Mathew Job credits his first position as a frontline salesperson for the success he has been able to achieve today. “I think a lot of things that I’ve been able to do today, draw right from day one when I started trying to sell light bulbs to retail stores. At that time I learned and faced the real business environment.” After working for companies like Philips, GROHE, and Racold, time was poised for him to take on new challenges. And that’s when Crompton Greaves Consumer Electricals’ demerger happened.
“The reason why I took up the role is that I found the organisation had a strong DNA. It had all the basic ingredients required to go to the next level,” Mathew shares with The CEO Magazine.

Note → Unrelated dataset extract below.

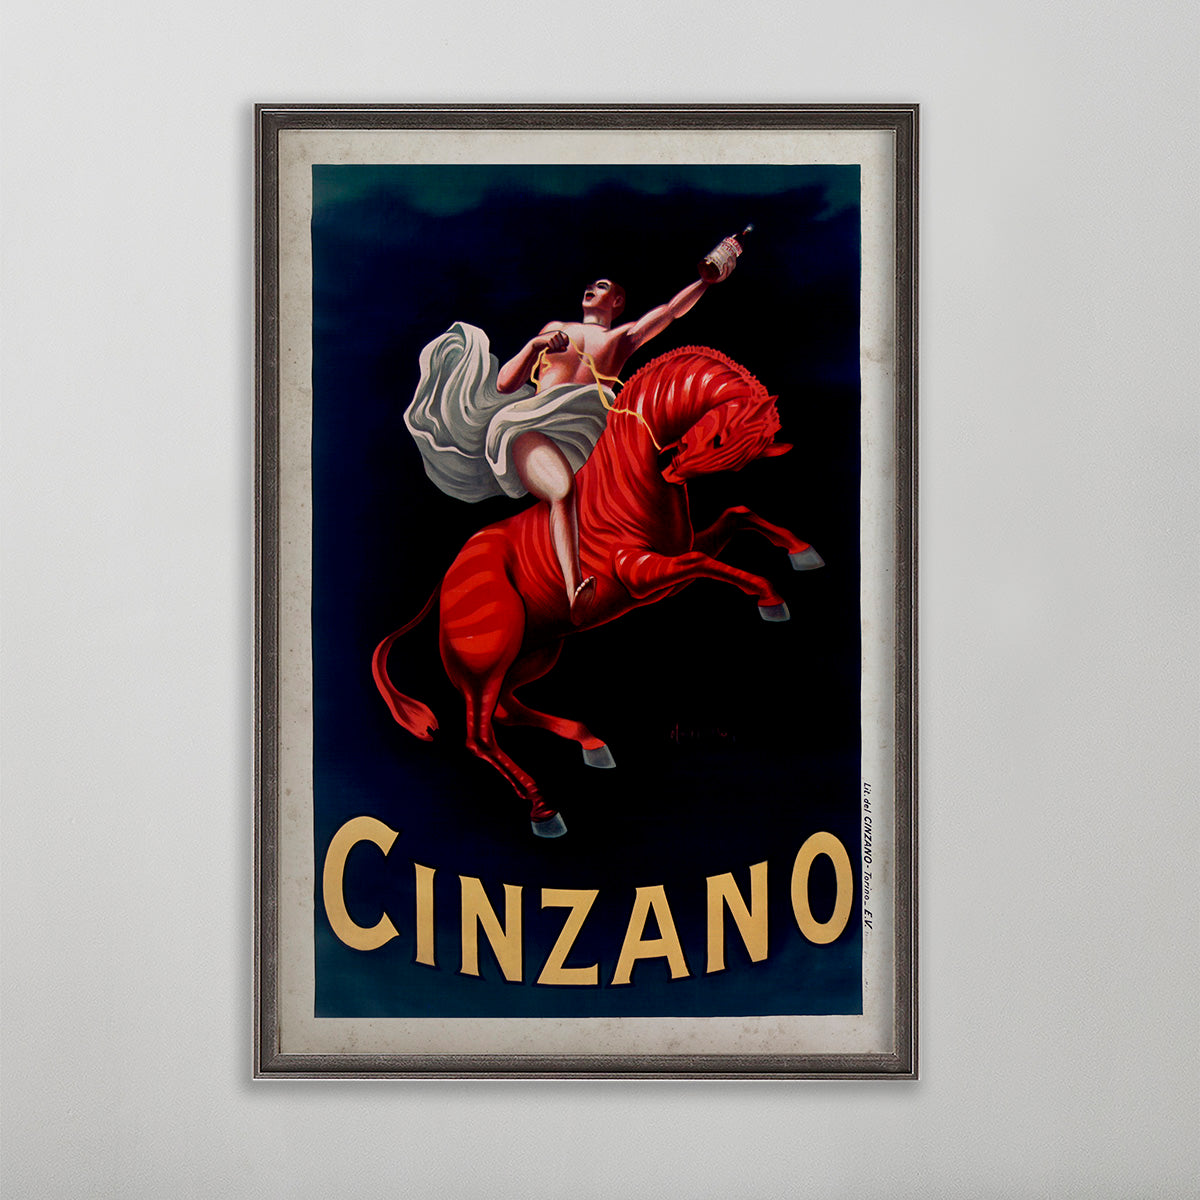 Cinzano Italian vintage poster wall art by leonetto cappiello. Man ride red horse or zebra.
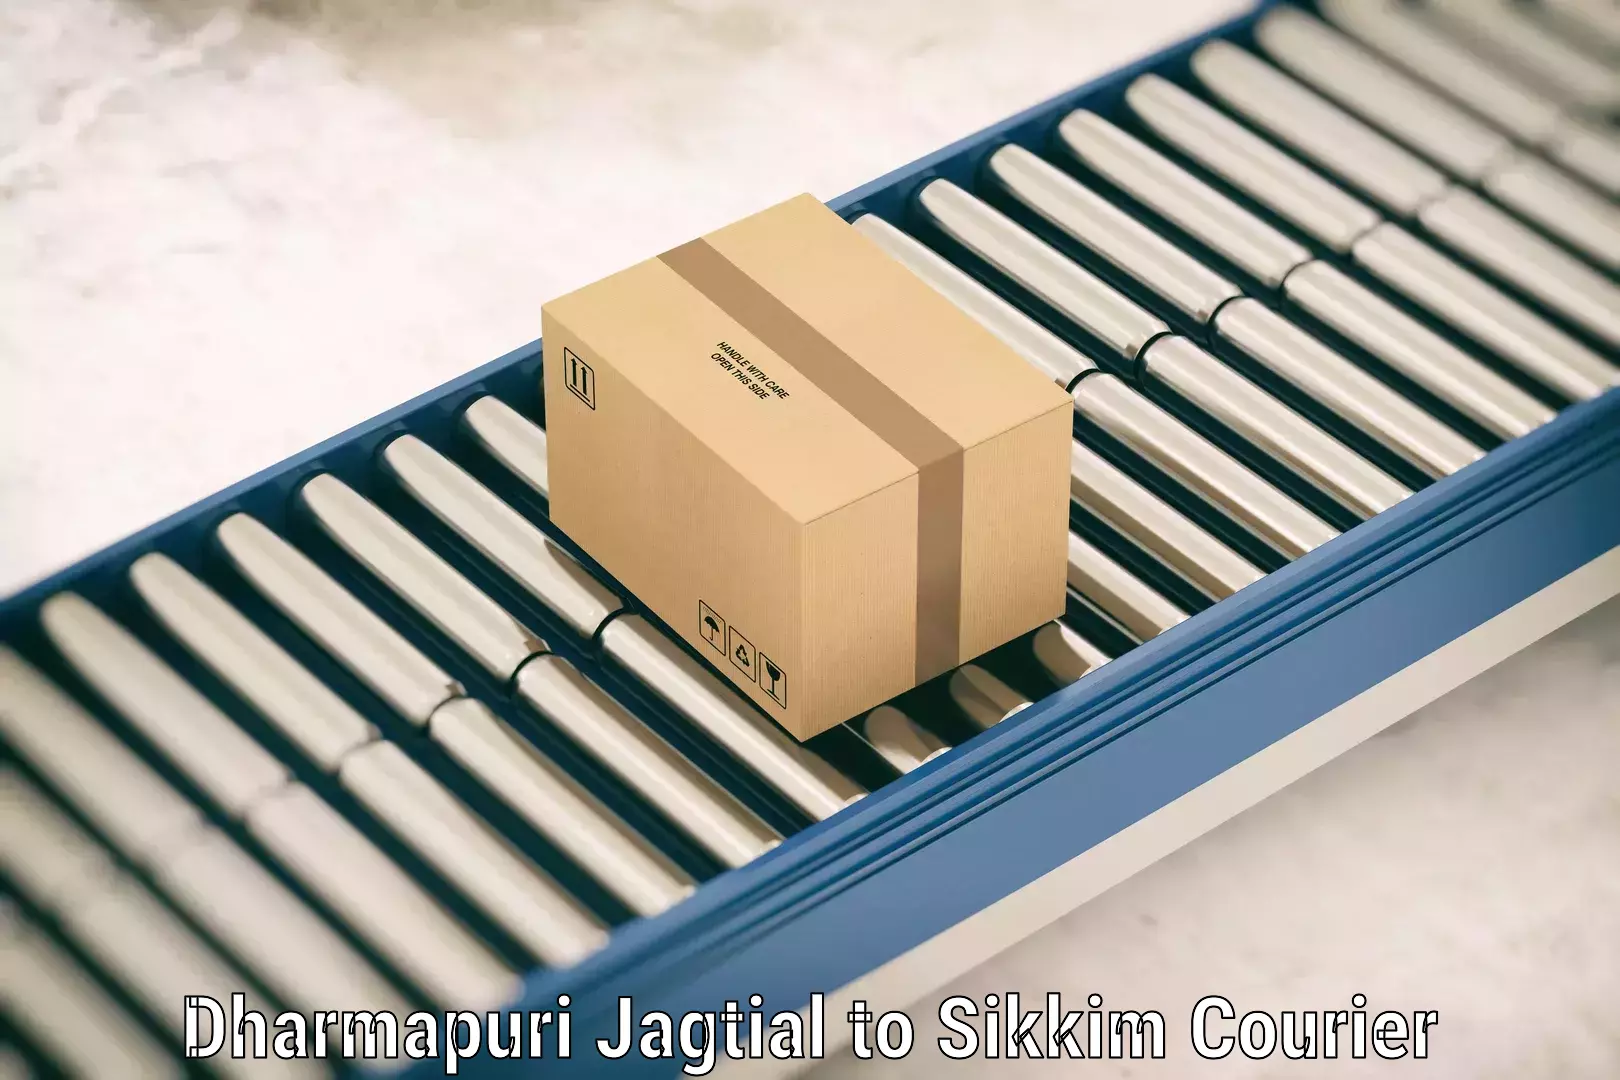 Baggage transport scheduler Dharmapuri Jagtial to Sikkim

In the initial days, Mathew laid out three key objectives for the newly independent consumer wing of Crompton. “One was to grow our revenues faster in the market,” he explains. “The second was to grow our profit at least in line with sales. And the third was to convert all our profits into cash.
“In terms of achieving the financial objectives that we have set for ourselves, I think we have a very strong and consistent track record.”
Mathew explains the five pillars that have helped the brand hit its goals. The first one is brand excellence. “One of the things we did early in our journey was building a whole new brand positioning for Crompton, creating the message that Crompton makes your home a better place to hang out.”
He calls the next pillar the Portfolio of Innovation Excellence, which is achieved in two ways. “The first is trying to understand the consumer insights better than anybody else, and the second is to have the ability to develop solutions according to that.” He uses the example of Crompton’s famous anti-dust fans, which he calls “the single biggest success the fan industry has seen in the last 25 years”.
We have a unique brand. I think it’s probably one of the most trusted brands in the industry.
The next is called the Go-To Market Excellence, which is “making products available wherever consumers or shoppers want to buy them from”. By working on availability and the quality of availability, Crompton fans and LED bulbs have expanded their presence in stores.
The fourth one is Operational Excellence, something that Crompton has significantly improved upon under Mathew. According to him, it’s achieved this in three ways – by striving to be world-class in terms of supplying the right mix and category of products to distributors, eliminating non-value-added costs and connecting suppliers and customers via strong data infrastructure.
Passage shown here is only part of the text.